2000:                        
Operating revenues   $ 54,030   $ 57,428   $ 86,223   $ 62,322
Operating income     8,033     9,314     19,672     8,853
Net income     2,371     3,583     14,332     3,330
Net income applicable to common stock     2,371     3,583     14,332     3,330
Basic and diluted earnings per average share of common stock   $ .14   $ .21   $ .82   $ .19

        The sum of the quarterly earnings per average share of common stock may not equal the earnings per average share of common stock as computed on an annual basis due to rounding.

13.  Derivative Financial Instruments

        On January 1, 2001, the Company adopted the provisions of Statement of Financial Accounting Standards No. 133, "Accounting for Derivative Instruments and Hedging Activities" (SFAS 133) and Statement of Financial Accounting Standards No. 138, "Accounting for Certain Derivative Instruments and Certain Hedging Activities An Amendment of SFAS 133" (SFAS 138). SFAS 133, as amended, requires recognition of all derivatives as either assets or liabilities on the balance sheet measured at fair value. Adoption of these accounting rules in January 2001 had no immediate impact on the Company. However, during the second quarter of 2001, the Company began utilizing derivatives to manage its gas commodity market risk and to help manage its exposure resulting from purchasing most of its natural gas on the volatile spot market.

        A derivative is a contract whose value is dependent on, or derived from, the value of some underlying asset. By using derivative financial instruments, the Company is exposed to credit risk and market risk. Credit risk is the risk that the counterparty might fail to fulfill its performance obligations under contractual terms. At December 31, 2001 the Company had minimal exposure to credit risk from counterparties. Market risk is the exposure to a change in the value of commodities caused by fluctuations in market variables, such as price.
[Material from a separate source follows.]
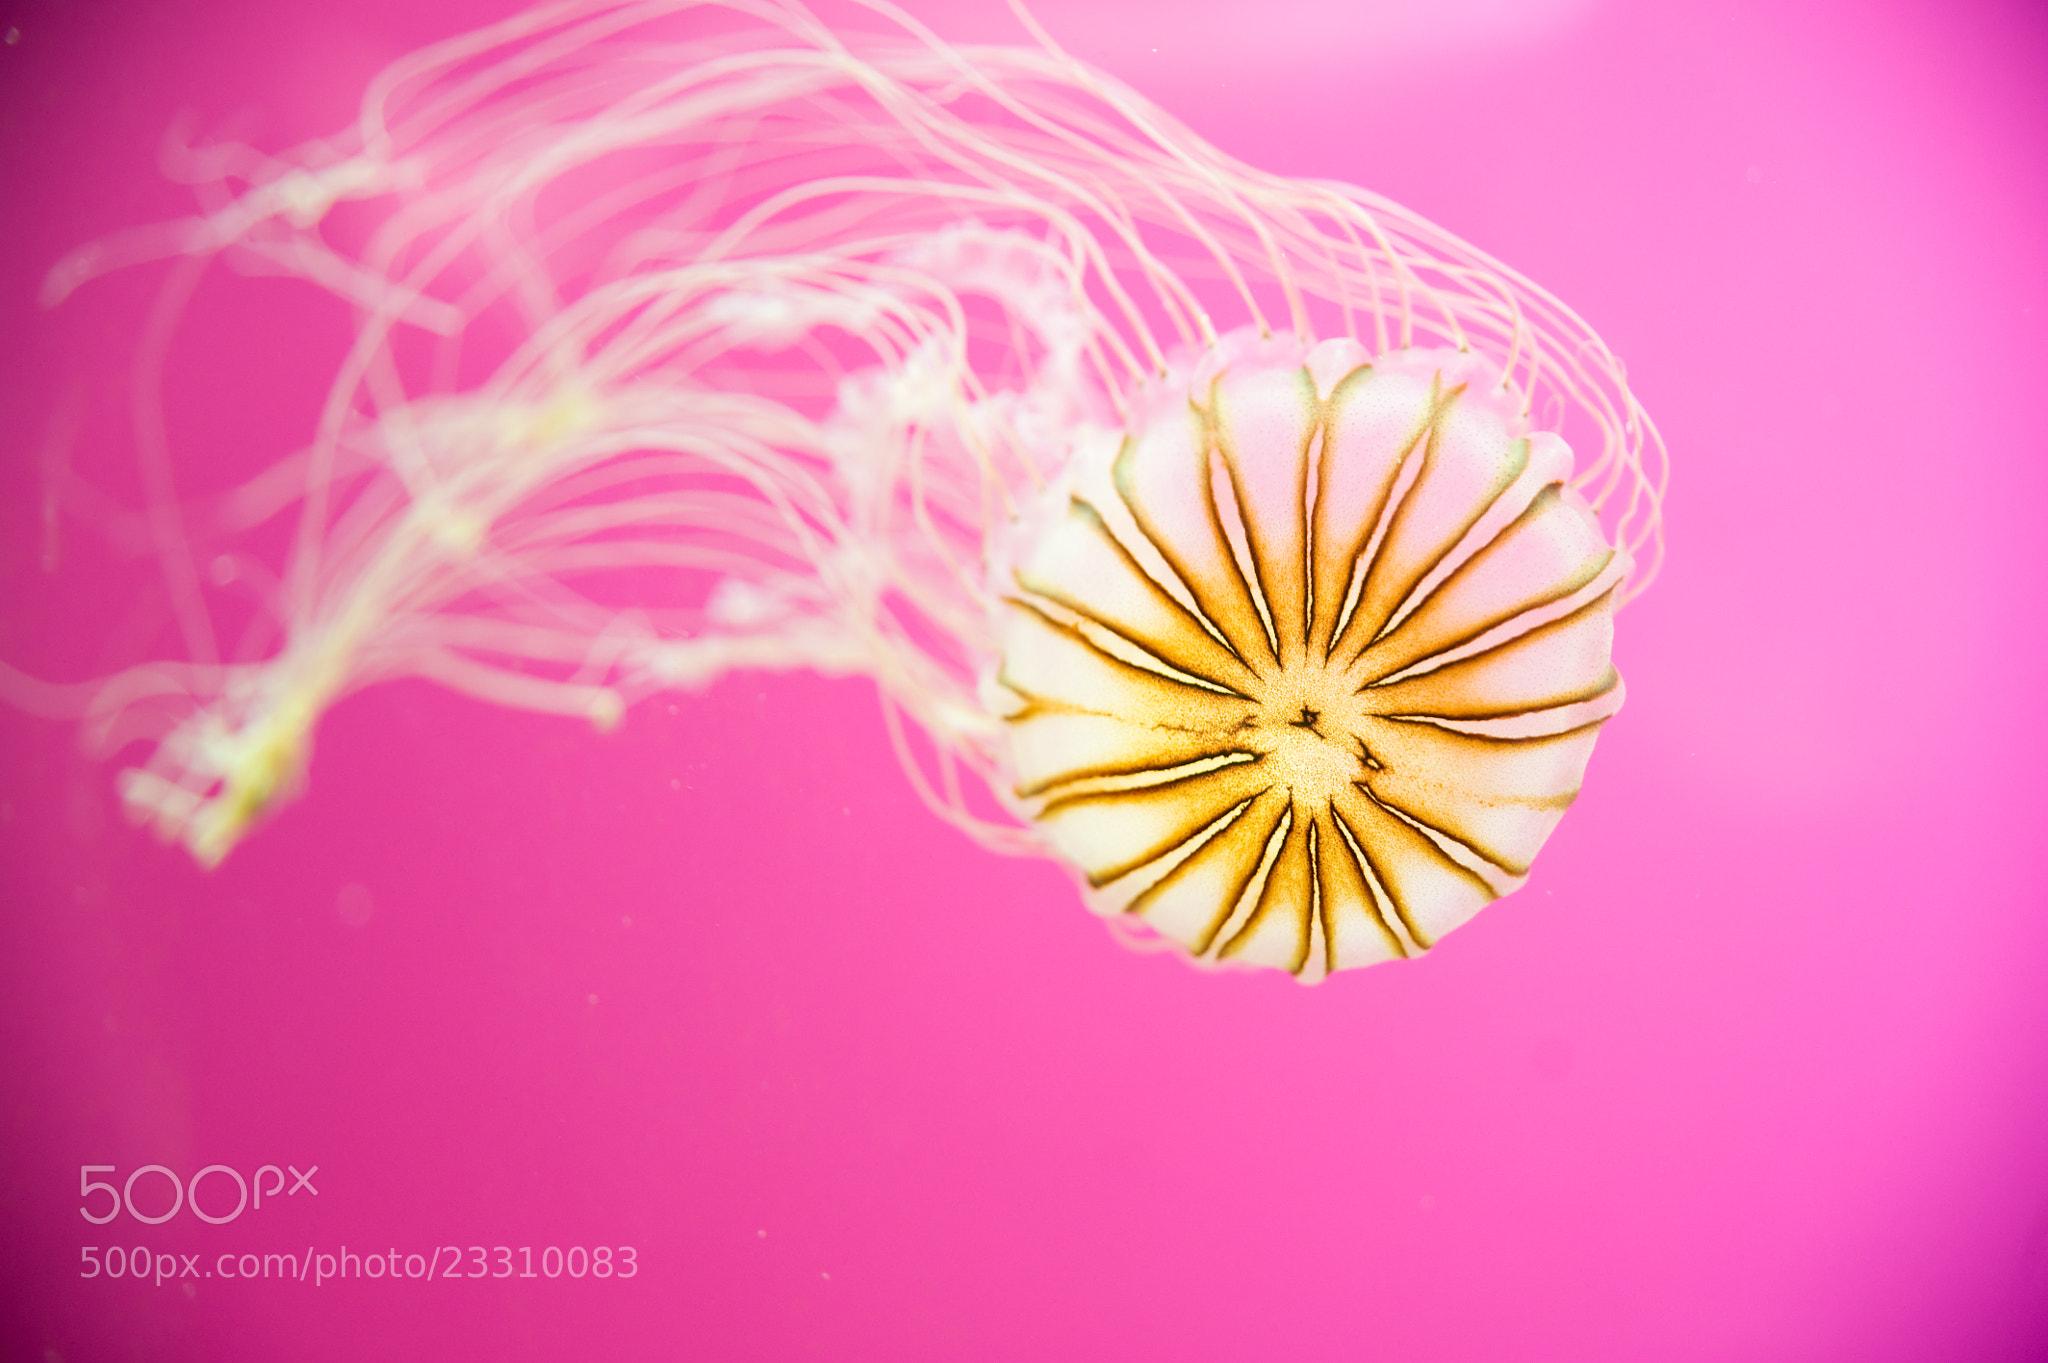 Photograph Purple-Striped Jellyfish by Melanie Geroche on 500px
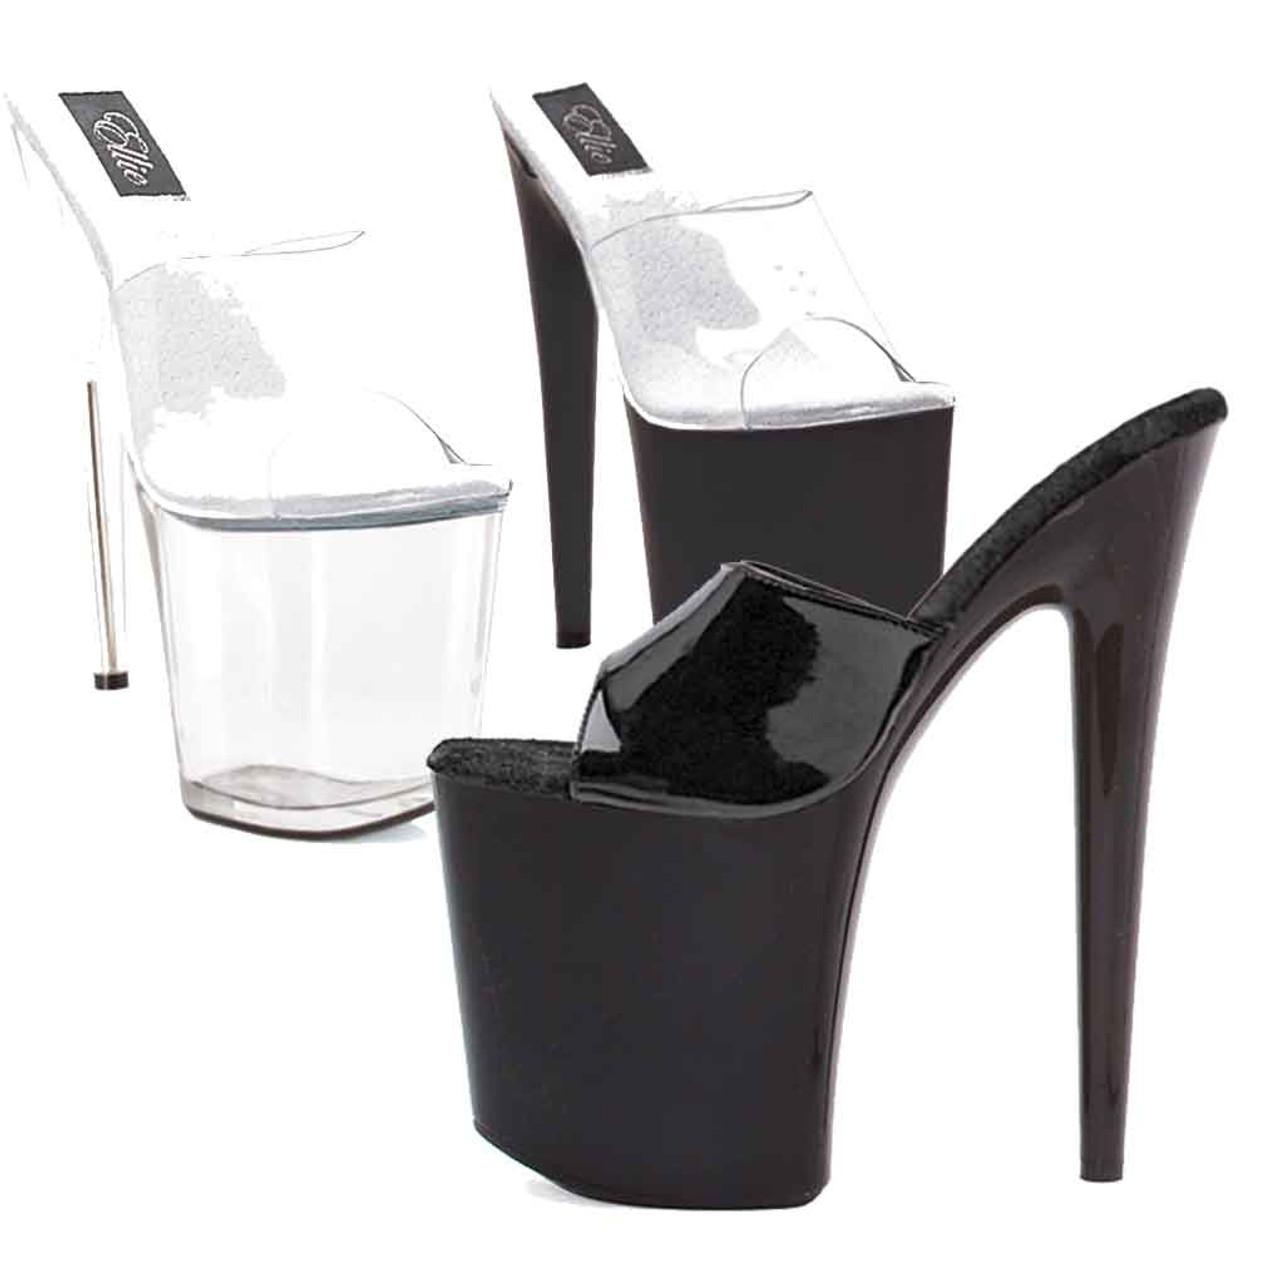 850-VANITY, 8 Inch Stiletto High Heel

        As of December 31, 2001, the Company has recorded liabilities of approximately $2,500,000 equal to the fair value of derivative financial instruments held as of that date in Current Liabilities on the balance sheet. As of December 31, 2001, the Company had seven swap contracts and two collar contracts in place that were all designated as cash-flow hedging instruments. An approximately $1,581,000 net of tax, unrealized loss representing the fair market value of these contracts is recognized as Accumulated Other Comprehensive Loss in the capitalization section of the balance sheet. The tax effect of $969,310 on this loss is included in deferred taxes. This amount will be adjusted cumulatively on a monthly basis until the determination periods, beginning January 1, 2002 and ending November 30, 2004. At the end of each determination period, which is the last day of each calendar month in the period, any realized gain or loss for that period related to the contract will be reclassified to fuel expense.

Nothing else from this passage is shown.